Orphan Drug Exemption Expansion

The One Big Beautiful Bill (OBBB) includes an important change for patients living with rare diseases: it expands the “orphan drug” exemption in Medicare’s Drug Price Negotiation Program. Under this exemption, certain medications developed for rare conditions (those affecting fewer than 200,000 people in the U.S.) will remain excluded from government price negotiations, even if the drug is later approved to treat multiple rare diseases. This is a meaningful step for the rare disease community. Because these conditions affect small populations, there is often little financial incentive for drug companies to invest in developing treatments. Previously, a drug could lose its orphan status if it was found to treat more than one rare disease, which discouraged broader research. By preserving the exemption even for drugs with multiple rare indications, the policy helps ensure continued investment in therapies that otherwise might not be developed. While this change could reduce the number of drugs eligible for Medicare price negotiations, potentially limiting some government savings, it protectsthe fragile pipeline of innovation for rare disease treatments. For patients who often have few or no therapeutic options, maintaining access to future breakthroughs is a critical priority.

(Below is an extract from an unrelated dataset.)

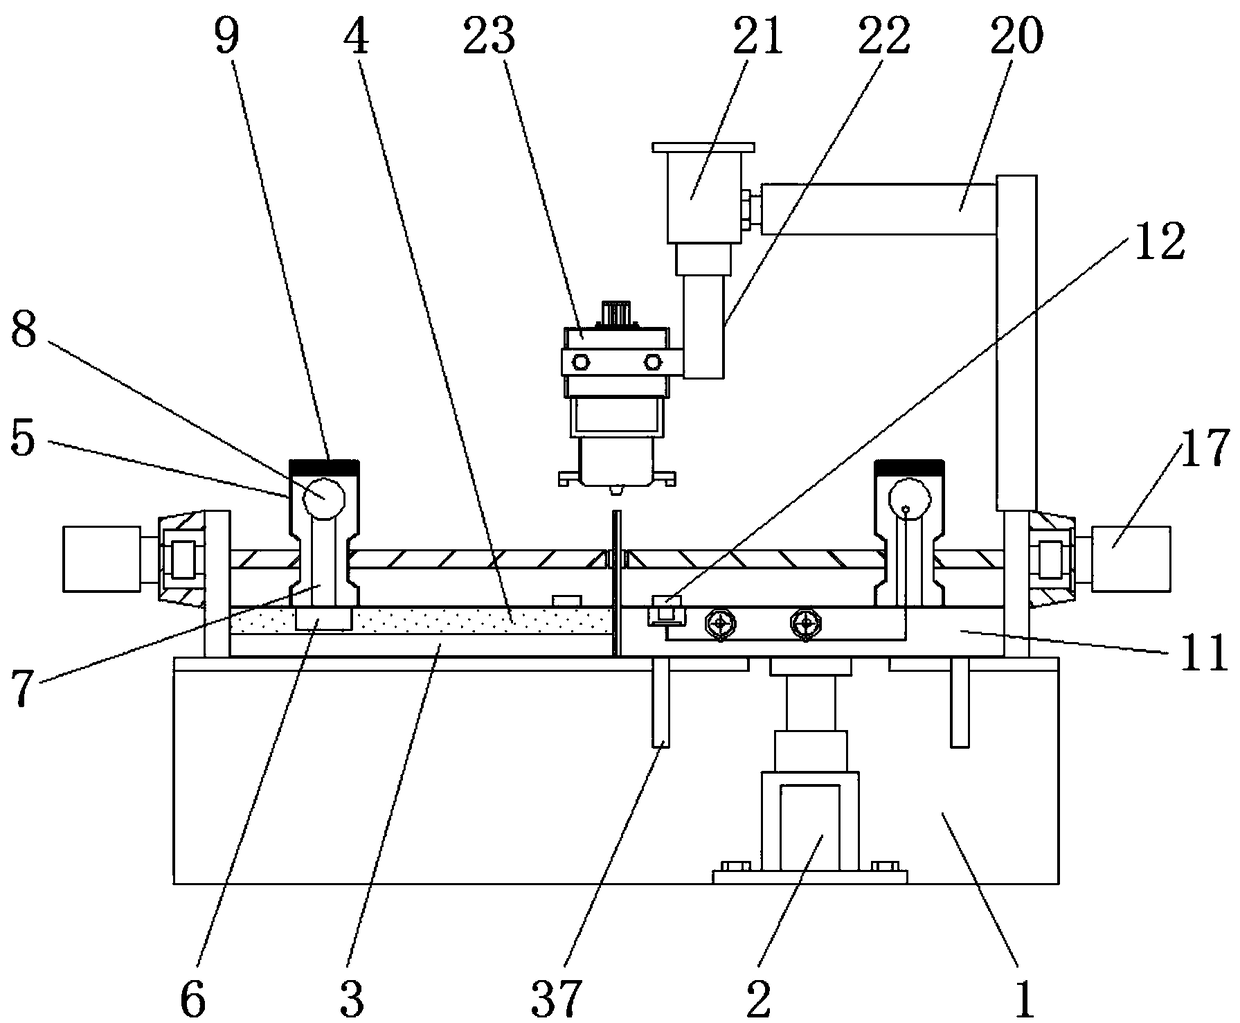 Ultrasonic-assisted friction stir welding device

A green half circle with a single flower in front of it

Looking Ahead: Navigating the Risks and Realities of OBBB

The passage of the One Big Beautiful Bill ushers in a complex and consequential set of healthcare policy changes. While some provisions may provide short-term relief, such as support for rural hospitals and increased Medicare physician reimbursements, the potential loss of millions of insured individuals due to Medicaid cuts, changes to Affordable Care Act marketplaces, and the expiration of enhanced premium subsidies raise serious concerns about the long-term stability and accessibility of health coverage across the country.
As these changes begin to unfold, it will be essential for policymakers and advocacy organizations to closely monitor their real-world impacts on patients and communities. The Infusion Access Foundation will be actively engaged in this work, advocating for patients who rely on provider-administered therapies and working to protect access to life-saving infusion care. Proactive efforts and possible legislative adjustments will likely be needed to address unintended consequences, protect vulnerable populations, and ensure that the promise of quality, affordable healthcare remains within reach for all Americans.